JUSTICE STAMOS DELIVERED THE OPINION OF THE COURT:
This appeal arises from the entry of a permanent injunction against the lessor-defendants, Winston Plaza Associates, David Golstein, T.D.P. Corporation and La Salle National Bank as trustee under Trust No. 103971, on motion by the lessee-plaintiff, Madigan Brothers, Inc., for summary judgment. Defendants were enjoined, during the term of plaintiff's store lease in the Winston Park Plaza Shopping Center in Melrose Park, from constructing a restaurant or other building in the shopping center's parking area, without the prior written consent of the plaintiff.
Defendants Winston Plaza Associates and La Salle National Bank are lessors of premises in Winston Park Plaza Shopping Center in Melrose Park, Illinois. In June 1981, Winston acquired all of the rights and interest formerly held by the Chicago Melrose Park Association and the Melrose Shopping Center Company with respect to the shopping center.
Sometime prior to March 1983, defendants Walgreen Company and Wag's Restaurants of Illinois, Inc., entered into negotiations with Winston to build and operate a Wag's Restaurant in the parking area of the shopping center. The plans called for the restaurant to be located approximately 500 feet from the front of plaintiff's store.
Plaintiff Madigan Brothers, Inc., has, since 1960, leased a store in the shopping center. On March 4, 1960, when the shopping center was still being developed, plaintiff entered into a lease for 50,453 square feet of ground floor shopping space. The lease stated that the construction of the shopping center was substantially completed, but provided for the construction of an addition to plaintiff's building which, along with two other stores in that building, would constitute plaintiff's leased space. Pursuant to the lease, the construction of the addition was completed and plaintiff's store was opened in March of 1961.
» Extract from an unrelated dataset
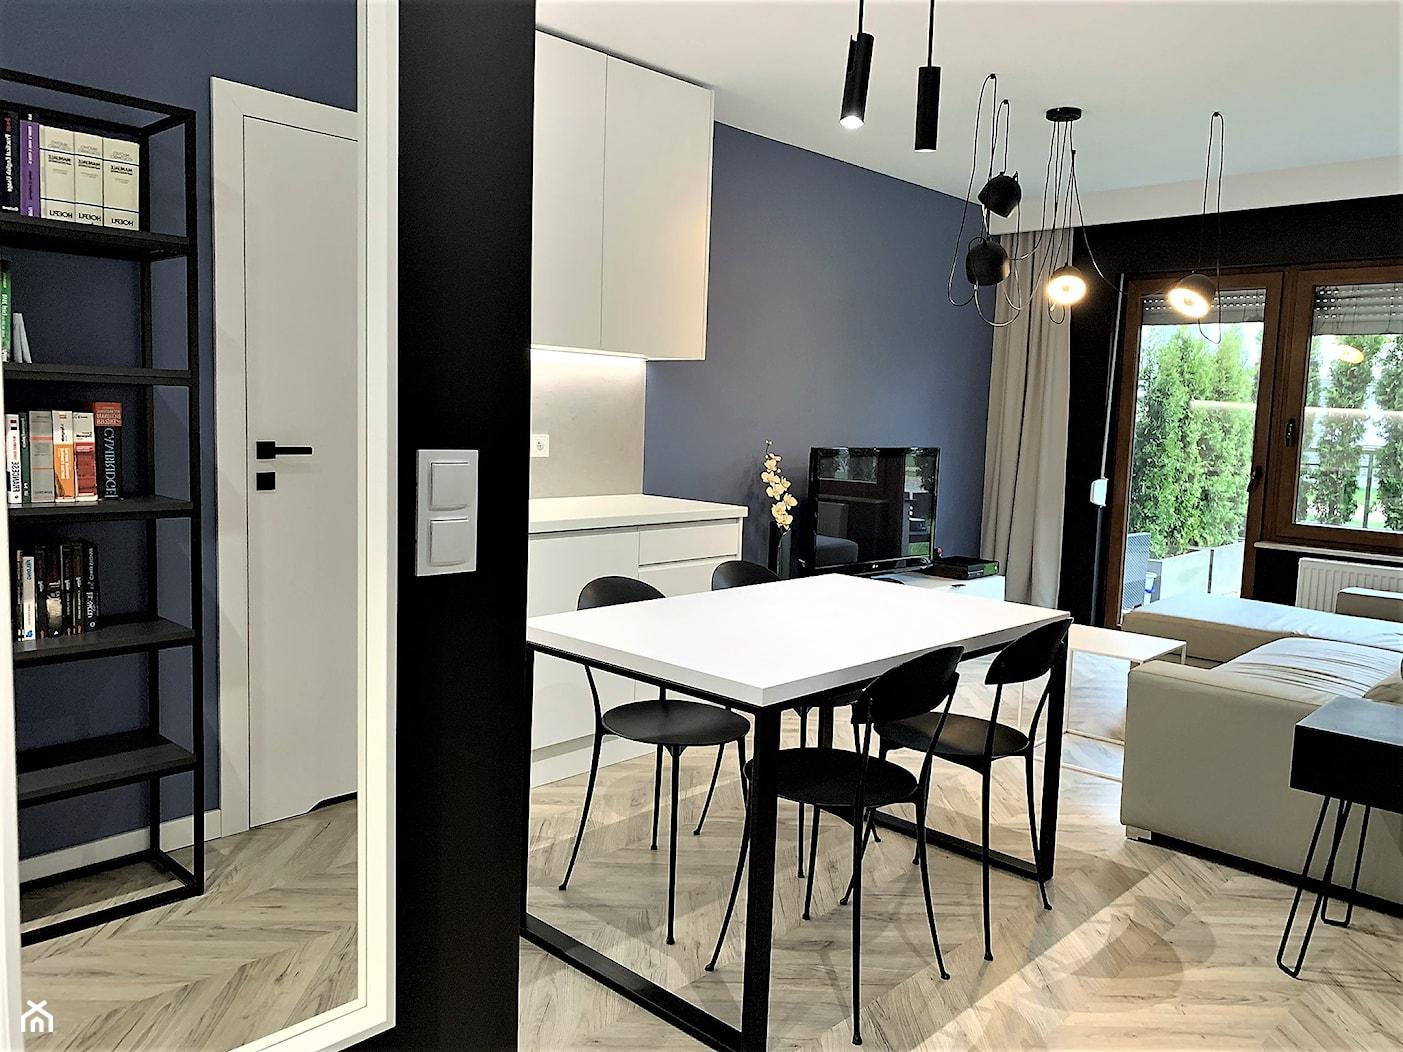 Domowe designerskie laboratorium. Realizacja projektu na wrocławskim Gaju - Mały niebieski czarny salon z kuchnią z jadalnią, styl nowoczesny - zdjęcie od DekoDeko - Homebook
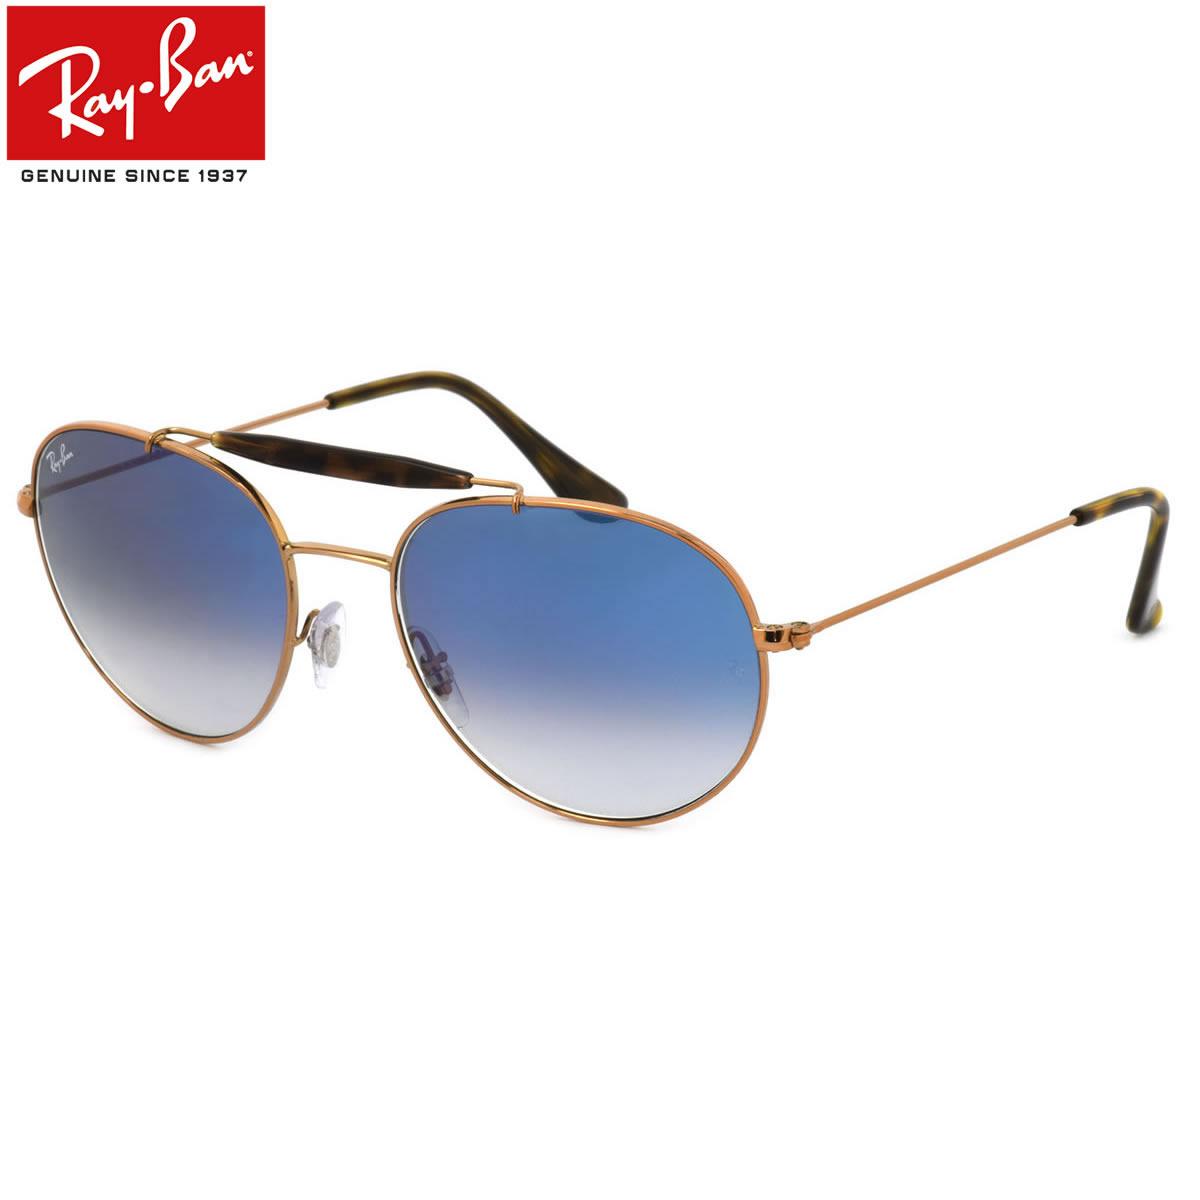 レイバン サングラス Ray-Ban RB3540 90353F 53サイズ 56サイズ レイバン RAYBAN 9035/3F OUTDOORSMAN アウトドアーズマン ツーブリッジ ダブルブリッジ ROUND ラウンド ボストン 丸メガネ べっ甲 べっこう ブルーレンズ メンズ レディース

Article I-B of the lease is entitled "Parking Areas and Common Areas." Section 1 of Article I-B states that, in addition to the store premises leased to plaintiff, "this lease includes the non-exclusive right to Tenant and its agents, servants, successors, assigns, licensees, invitees, customers, suppliers and patrons to use and enjoy throughout the term of this lease the `common areas' of the Shopping Center, to-wit, the driveways, entrances, exits, roadways, parking areas, sidewalks, malls and other features and facilities provided for the general uses and purposes of the Shopping Center."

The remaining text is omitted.